Öksüz iklimlerden yetim düşler topladım: himayesinde aşkın renklere b/öldüm sonra topladığım tüm düşleri…
Hem düşlediğimdi topladıklarım hem de d/işlerken kaderi.
Renklerdi uzamımda asılı kubbenin seferi yıldızı idim mademki ve de yerkürede açan bir çiçek misali:
Her çağırdığında annem, adımı: yüzümde güller açan.
Bazense…
Paçoz yalnızlığın dik kale duvarları:
Soluduğum hüzün saydığımsa dakikaları asırlara denk düşen o minvalde sırtlandığım yalnızlığı adeta kıymık batarcasına yüreğimin çeperine.
İhtişamlı bir gölgem olsa bile çoktan kovmuşken kapımda ve geçtiğim o kapısı dünya denen hanın ve de kovaladığım sonun ve mezarımın beni çağıran izdihamı.
Öyle ya:
İzdiham yüklü iken yüreğim infilak etmeden bir şiire rast gelip de ektiğim duygularım ve açması an meselesi her anı dünde saklı her an ise sihirli bir minvalde beni çağıran toprak örtülü iken iki yakam da ölü toprağı ile asla söküp atamadığım yetmedi apoletim hüznün sarkacı.

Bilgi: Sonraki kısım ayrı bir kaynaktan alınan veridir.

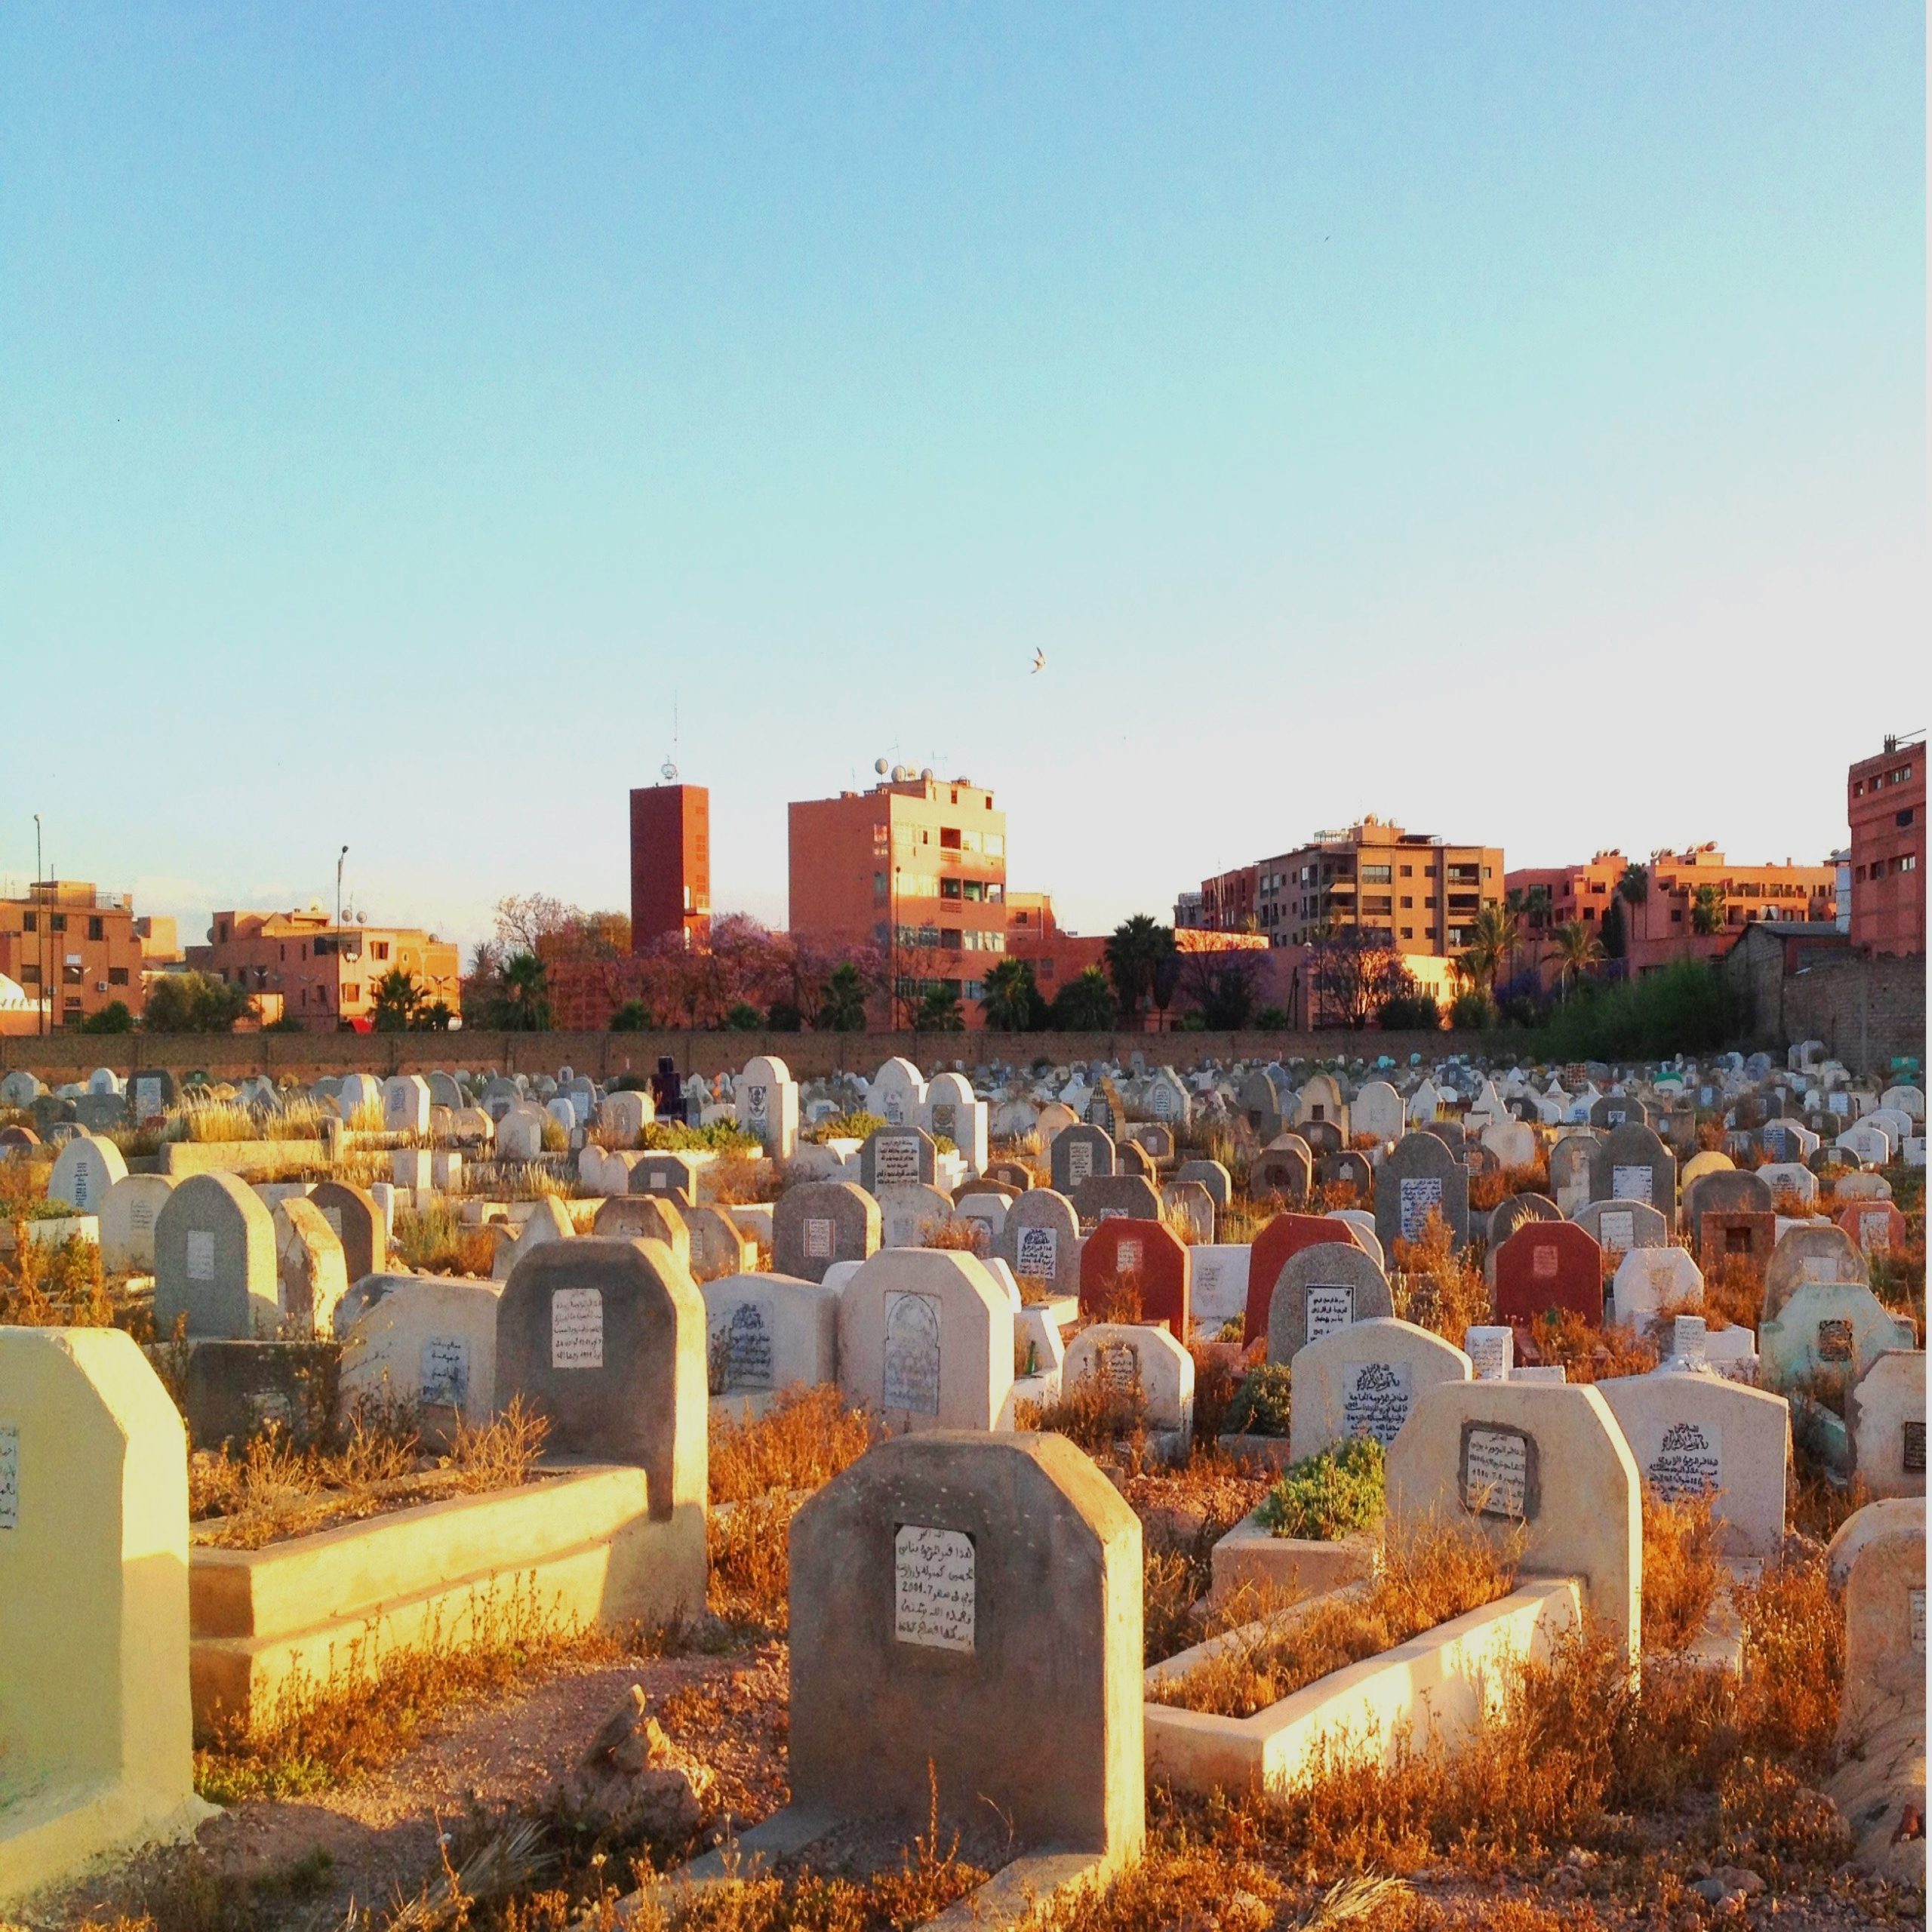 एमडी.बौलाम फोटोग्राफर ने सूर्यास्त के समय एक मुस्लिम कब्रिस्तान माराकेश को देखा - सपनों की व्याख्या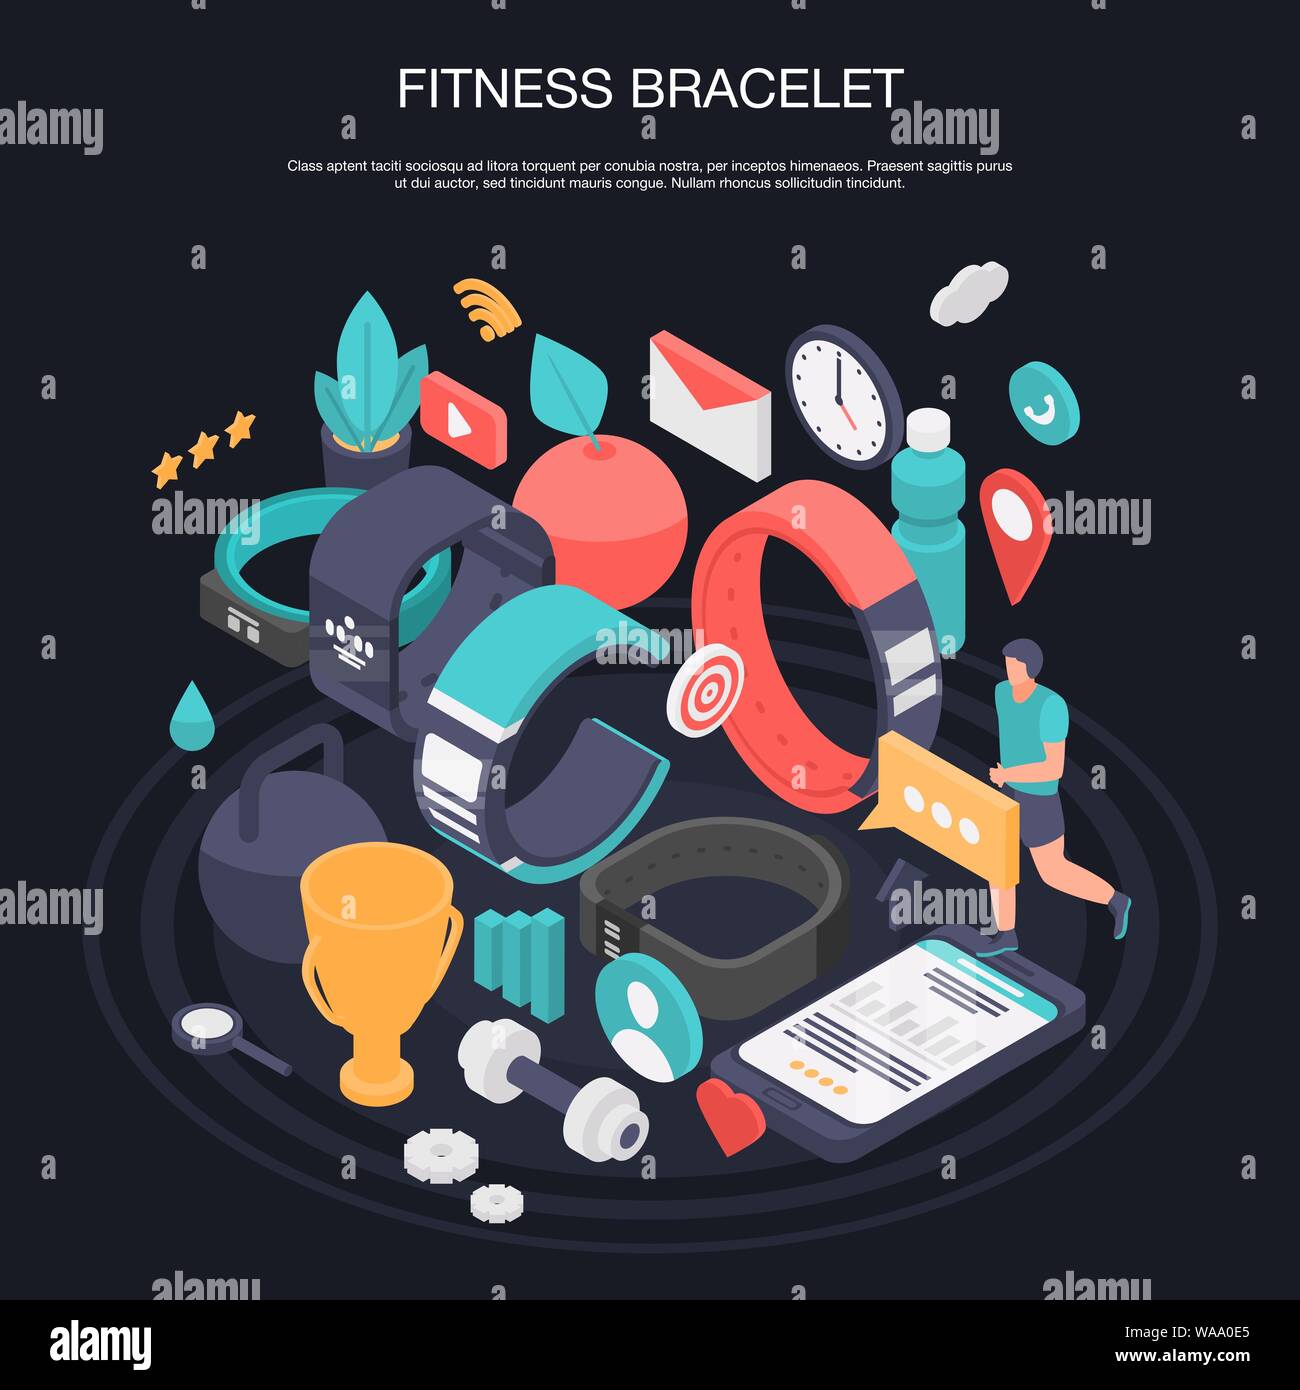 Smart fitness bracelet concept banner, isometric style Stock Vector

Hibe edemediğim kadar hayallerimi.
Hınca hınç dolu iç sesim.
Maruzat bildiğim dinmeyen dönmesi başımın bazen yıldızlar misali parladığım en çok da karanlık iken dimağımdan taşan sözcüklerin kölesi değil de ruhum ise pul değerinde ve nakşı yalnızlığın.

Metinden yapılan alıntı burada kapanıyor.